Getting Up to Speed on Principles of Statistics


“If a statistical analysis is clearly shown to be effective … it gains nothing from being … principled,” according to Terry Speed in an interesting IMS article (2016) that Harry Crane tweeted about a couple of days ago [i]. Crane objects that you need principles to determine if it is effective, else it “seems that a method is effective (a la Speed) if it gives the answer you want/expect.” I suspected that what Speed was objecting to was an appeal to “principles of inference” of the type to which Neyman objected in my recent post. This turns out to be correct. Here are some excerpts from Speed’s article (emphasis is mine):

Not long ago I helped some people with the statistical analysis of their data. The approach I suggested worked reasonably well, somewhat better than the previously published approaches for dealing with that kind of data, and they were happy. But when they came to write it up, they wanted to describe our approach as principled, and I strongly objected. Why? Who doesn’t like to be seen as principled? I have several reasons for disliking this adjective, and not wanting to see it used to describe anything I do. My principal reason for feeling this way is that such statements carry the implication, typically implicit, but at times explicit, that any other approach to the task is unprincipled. I’ve had to grin and bear this slur on my integrity many times in the writings of Bayesians.

Not atypical is the following statement about probability theory in an article about Bayesian inference: that it “furnishes us with a principled and consistent framework for meaningful reasoning in the presence of uncertainty.” Not a Bayesian? Then your reasoning is likely to be unprincipled, inconsistent, and meaningless. Calling something one does “principled” makes me think of Hamlet’s mother Queen Gertrude’s comment, “The lady doth protest too much, methinks.” If a statistical analysis is clearly shown to be effective at answering the questions of interest, it gains nothing from being described as principled. And if it hasn’t been shown so, fine words are a poor substitute. In the write-up mentioned at the beginning of this piece, we compared different analyses, and so had no need to tell the reader that we were principled: our approach was shown to be effective. Of course there is the possibility that multiple approaches to the same problem are principled, and they just adhere to different principles. Indeed, one of the ironies in the fact that my collaborators want to describe our approach to the analysis of their data as principled, is that a Bayesian approach is one of the alternatives. And as we have seen, all Bayesian analyses are principled.

… I have another reason for feeling ambivalent about principles in statistics. Many years ago, people spent time debating philosophies of statistical inference; some still do. I got absorbed in it for a period in the 1970s. At that time, there was much discussion about the Sufficiency Principle and the Conditionality Principle (each coming in strong and weak versions), the Ancillarity Principle, not to mention the Weak Repeated Sampling Principle, the Invariance (Equivariance) Principle, and others, and the famous Likelihood Principle. There were examples, counter-examples, and theorems of the form “Principle A & Principle B implies Principle C”.

You might think that with so many principles of statistical inference, we’d always know what to do with the next set of data that walks in the door. But this is not so. The principles just mentioned all take as their starting point a statistical model, sometimes from a very restricted class of parametric models.
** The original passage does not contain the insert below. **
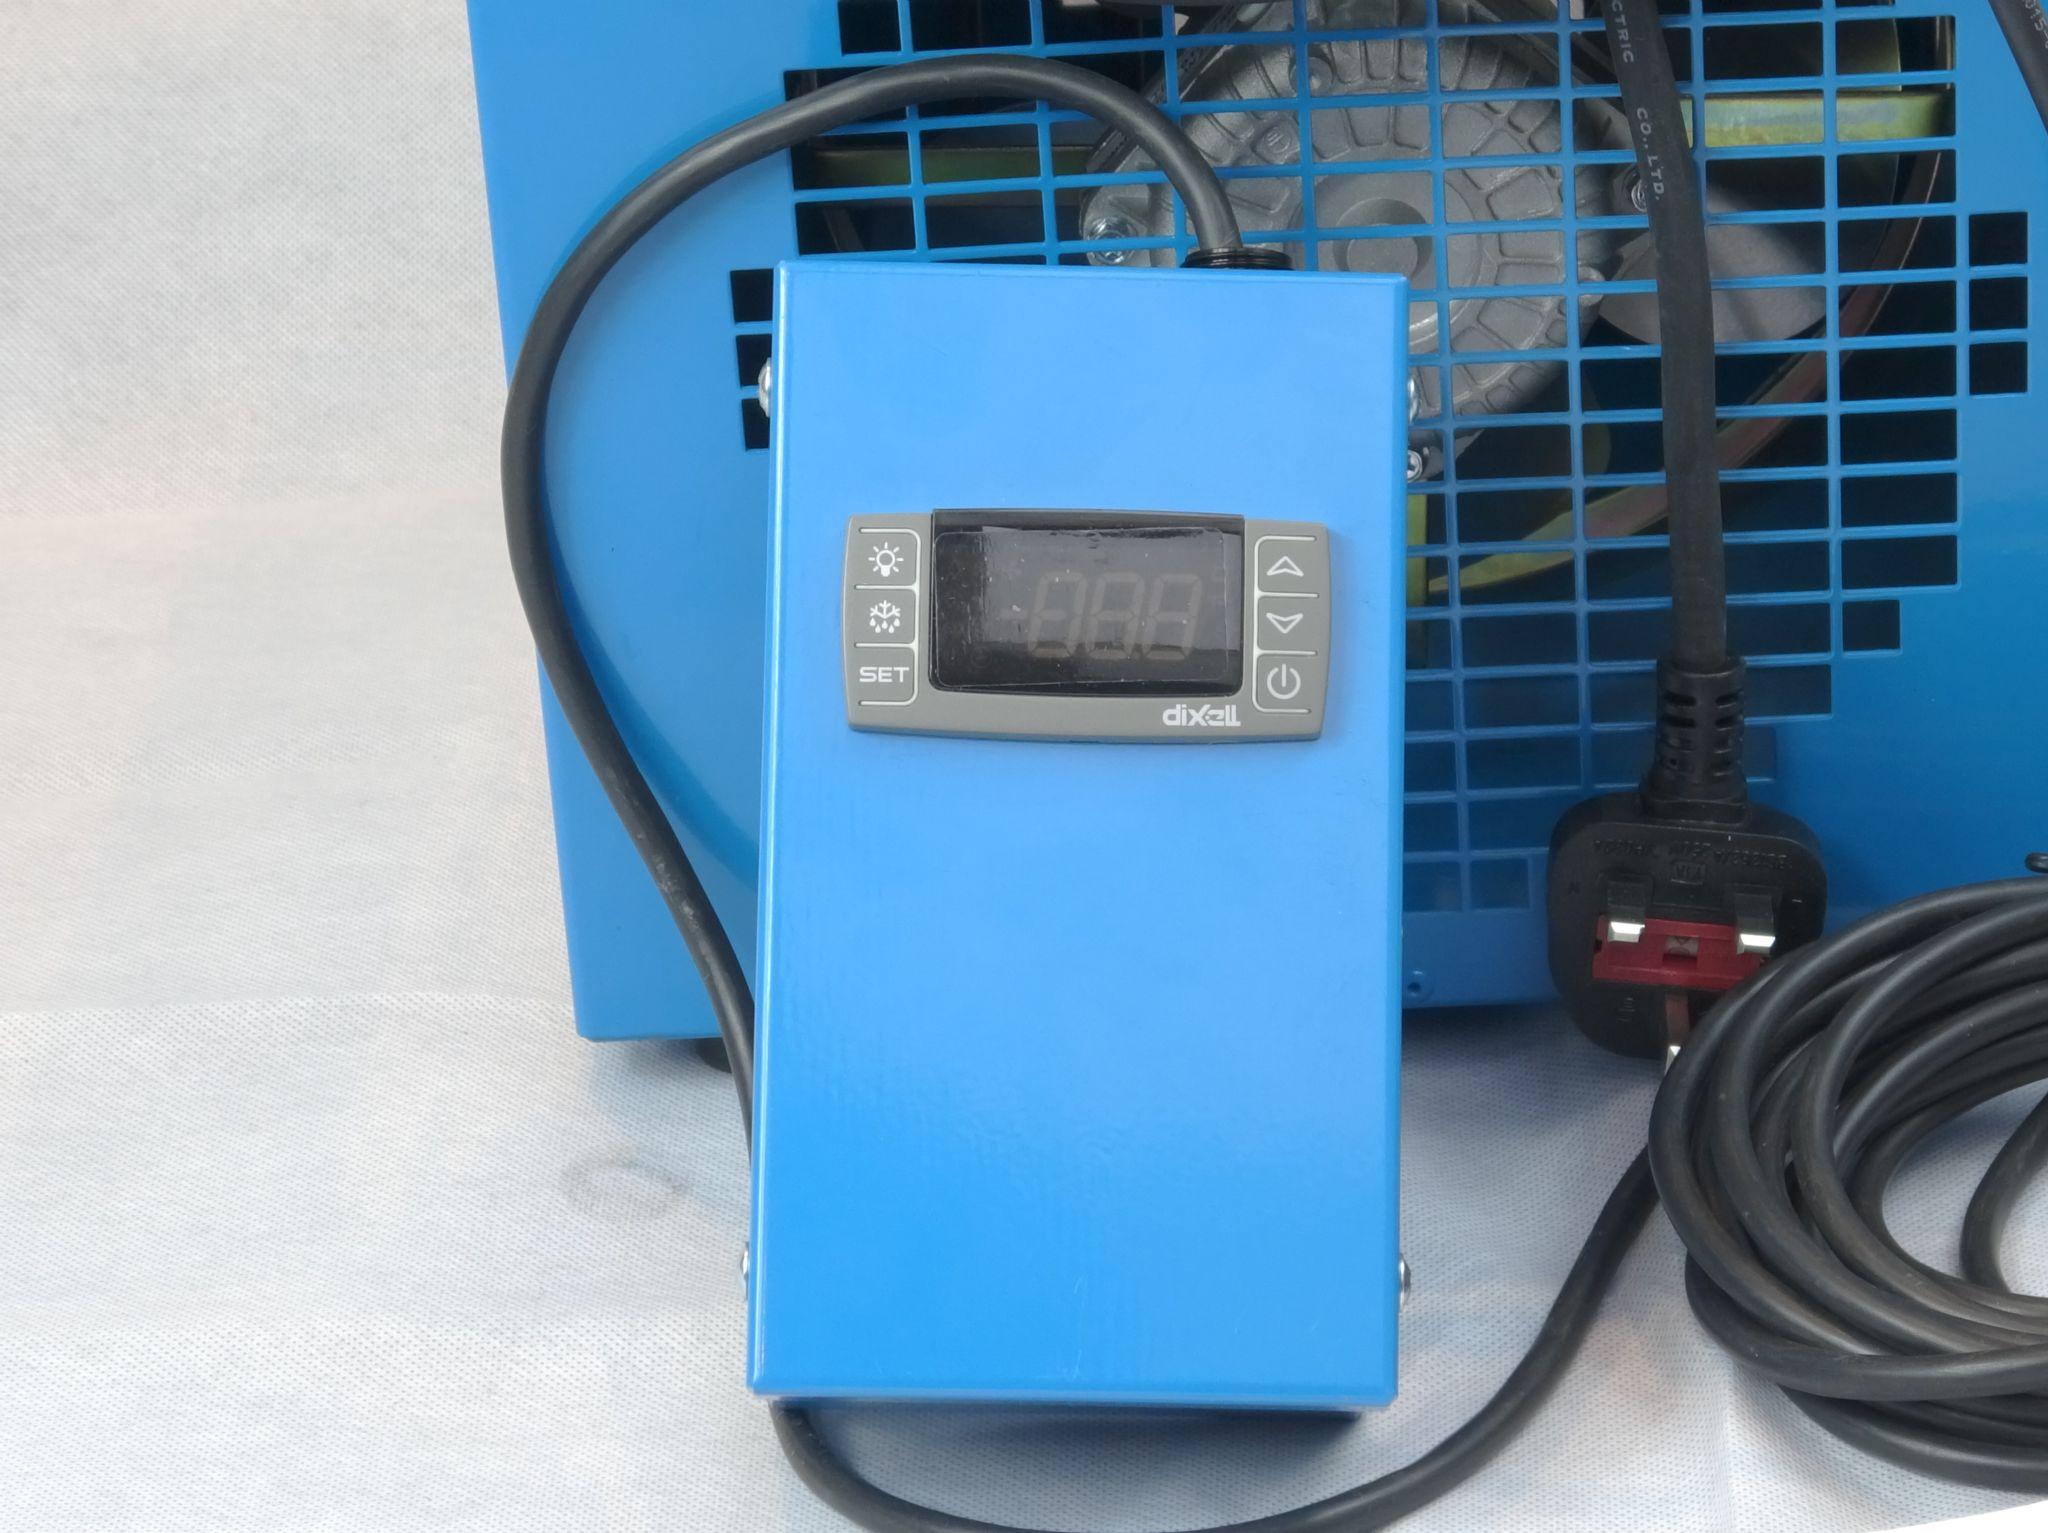 High Temp Electric Heater Ff3t 13 3kw 12000btu With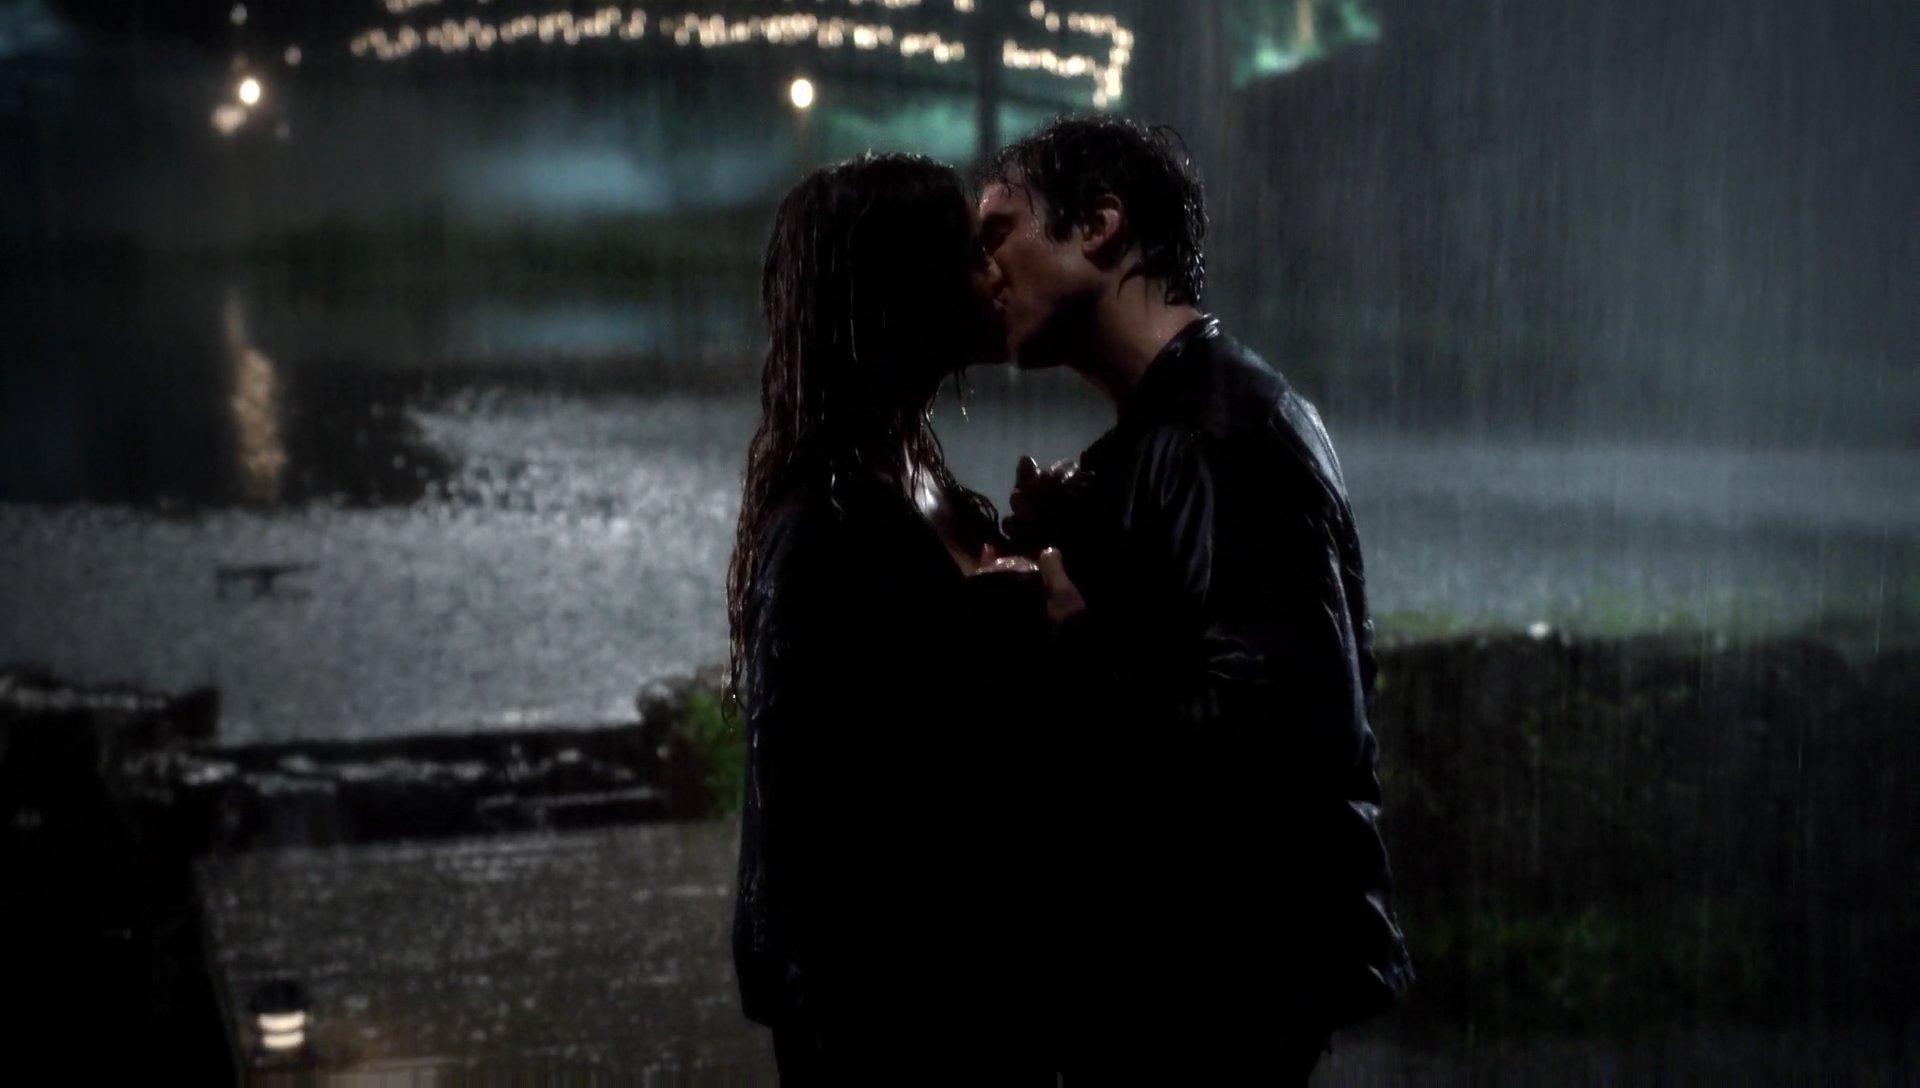 TVD Do You Remember the First Time? Recap: A Delena Rain

Principles telling you how to get from the data and questions of interest to that point were prominent by their absence, and still are. Probability theory is little help to Bayesians when it comes to deciding on an initial probability model. Perhaps this is reasonable, as there is a difference between the philosophy of statistical inference and the art of making statistical inferences in a given context. We have lots of principles to guide us for dealing with the easy part of our analysis, but none for the hard part. While the younger me spent time on all those Principles over 40 years ago, I wouldn’t teach them today, or even recommend the discussions as worth reading.

Showing effectiveness, of course, relies on “principled”–sound and warranted–reasons for taking the analysis to satisfy given goals (e.g., that flaws and fallacies have been probed and avoided/reported, and that the problems of interest are solved to a reasonable extent). That’s what is involved in showing it to be effective as compared to different analyses. But I agree that 70’s style principles get the order wrong. Not only do they start with an assumed model, even within a statistical model they presuppose a priori standpoints about what “we really want”. Instead, any principles should be examined according to how well they promote our ability carry out and check analyses on grounds of effectiveness.

Nowadays, even most Bayesians recommend (default, non-subjective) methods that violate principles thought at one time to be sacrosanct. However, some of these old-style principles still simmer below the surface in many of today’s statistical debates and proposed reforms, so there is still a need to shine a spotlight on their unexamined assumptions. We should explain why some principles are even at odds with effective methods to solve given problems; and show the circularity of one of the most famous “theorems” of all.[ii]  It’s too bad that a certain old-fashioned conception of the philosophy of statistical inference gives “principles” a bad name [iii]. We needn’t be allergic to developing principles in the sense of effective strategies for successful inquiries. Speed seems to agree. Here’s the end of his article:

But I do think there is a demand for the principles of what I’ll call initial data analysis, an encapsulation of the knowledge and experience of statisticians in dealing with the early part of an analysis, before we fix on a model or class of models. I am often asked by non-statisticians engaged in data science how they can learn applied statistics, and I don’t have a long list of places to send them. Whether what they need can be expressed in principles is not clear, but I think it’s worth trying. My first step in this direction was taken 16 years ago, when I posted two “Hints & Prejudices” on our microarray analysis web site, namely “Always log” and “Avoid assuming normality”. I am not against principles, but I like to remember Oscar Wilde’s aphorism: “Lean on principles, one day they’ll end up giving way.” (p. 17)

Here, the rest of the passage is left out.